Boolean Operators for Solr Users

by Hoss
December 28, 2011

The following is written with Solr users in mind, but the principles apply to Lucene users as well.

EDITED: 2017-05-19 — Code samples and examples were updated to reflect Lucene 6.5 APIs and new default Similarity.

I really dislike the so called “Boolean Operators” (“AND”, “OR”, and “NOT”) and generally discourage people from using them. It’s understandable that novice users may tend to think about the queries they want to run in those terms, but as you become more familiar with IR concepts in general, and what Solr specifically is capable of, I think it’s a good idea to try to “set aside childish things” and start thinking (and encouraging your users to think) in terms of the superior “Prefix Operators” (“+”, “-“).

Background: Boolean Logic Makes For Terrible Scores

Boolean Algebra is (as my father would put it) “pretty neat stuff” and the world as we know it most certainly wouldn’t exist with out it. But when it comes to building a search engine, boolean logic tends to not be very helpful.
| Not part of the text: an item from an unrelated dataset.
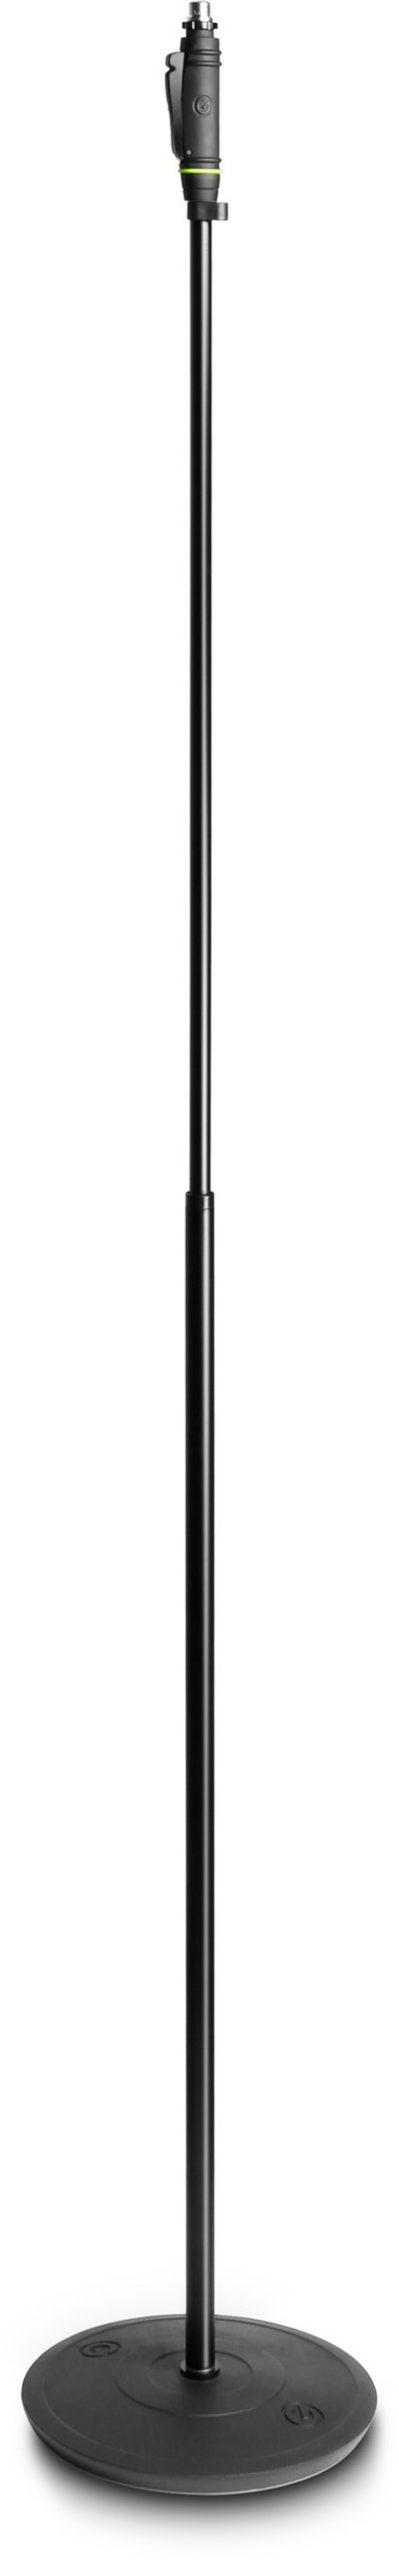 Gravity MS 231 HB - stojak na mikrofon

Depending on how you look at it, boolean logic is all about truth values and/or set intersections. In either case, there is no concept of “relevancy” — either something is true or it’s false; either it is in a set, or it is not in the set.

When a user is looking for “all documents that contain the word ‘Alligator'” they aren’t going to very be happy if a search system applied simple boolean logic to just identify the unordered set of all matching documents. Instead algorithms like TF/IDF are used to try and identify the ordered list of matching documents, such that the “best” matches come first. Likewise, if a user is looking for “all documents that contain the words ‘Alligator’ or ‘Crocodile'”, a simple boolean logic union of the sets of documents from the individual queries would not generate results as good as a query that took into account the term & document statistics for the individual queries, as well as considering which documents matches both queries. (The user is probably more interested in a document that discusses the similarities and differences between Alligators to Crocodiles then in documents that only mention one or the other a great many times).
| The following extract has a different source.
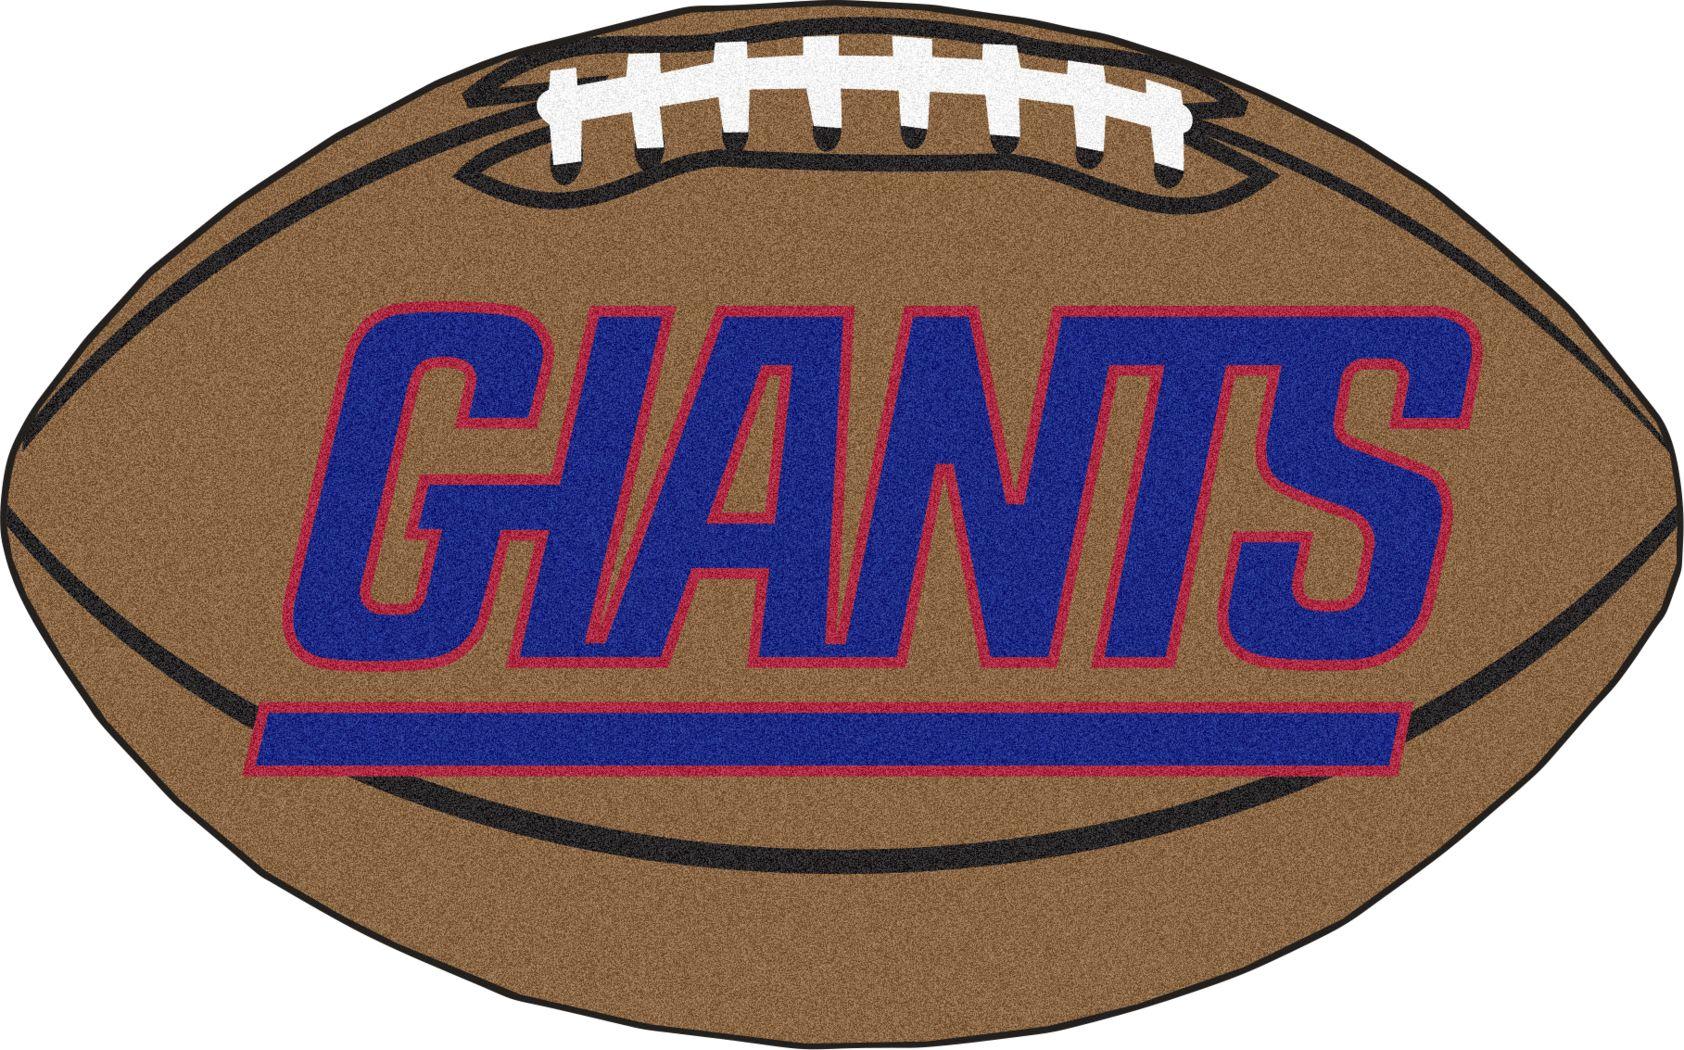 "NFL Football Mascot New York Giants 1'6"" x 1'10"" Rug"

This brings us to the crux of why I think it’s a bad idea to use the “Boolean Operators” in query strings: because it’s not how the underlying query structures actually work, and it’s not as expressive as the alternative for describing what you want.

BooleanQuery: Great Class, Bad Name

To really understand why the boolean operators are inferior to the prefix operators, you have to start by considering the underlying implementation. The BooleanQuery class is probably one of the most misleading class names in the entire Lucene code base because it doesn’t model simple boolean logic query operations at all. The basic function of a BooleanQuery is:

A BooleanQuery consists of one or more BooleanClauses, each of which contains two pieces of information:
- A nested Query
- An Occur flag, which has one of four values
  - MUST / FILTER – indicating that documents must match this nested Query in order for the document to match the BooleanQuery. (The difference between them is that the score from MUST subqueries contributes to the final score for the BooleanQuery, but no scores from the FILTER subqueries are used)
  - MUST_NOT – indicating that documents which match this nested Query are prohibited from matching the BooleanQuery
  - SHOULD – indicating that documents which match this nested Query should have their score from the nested query contribute to the score from the BooleanQuery, but documents can be a match for the BooleanQuery even if they do not match the nested query
If a BooleanQuery contains no MUST BooleanClauses, then a document is only considered a match against the BooleanQuery if one or more of the SHOULD BooleanClauses is a match.
The final score of a document which matches a BooleanQuery is calculated primarily from the sum of the scores from all the matching MUST and SHOULD BooleanClauses.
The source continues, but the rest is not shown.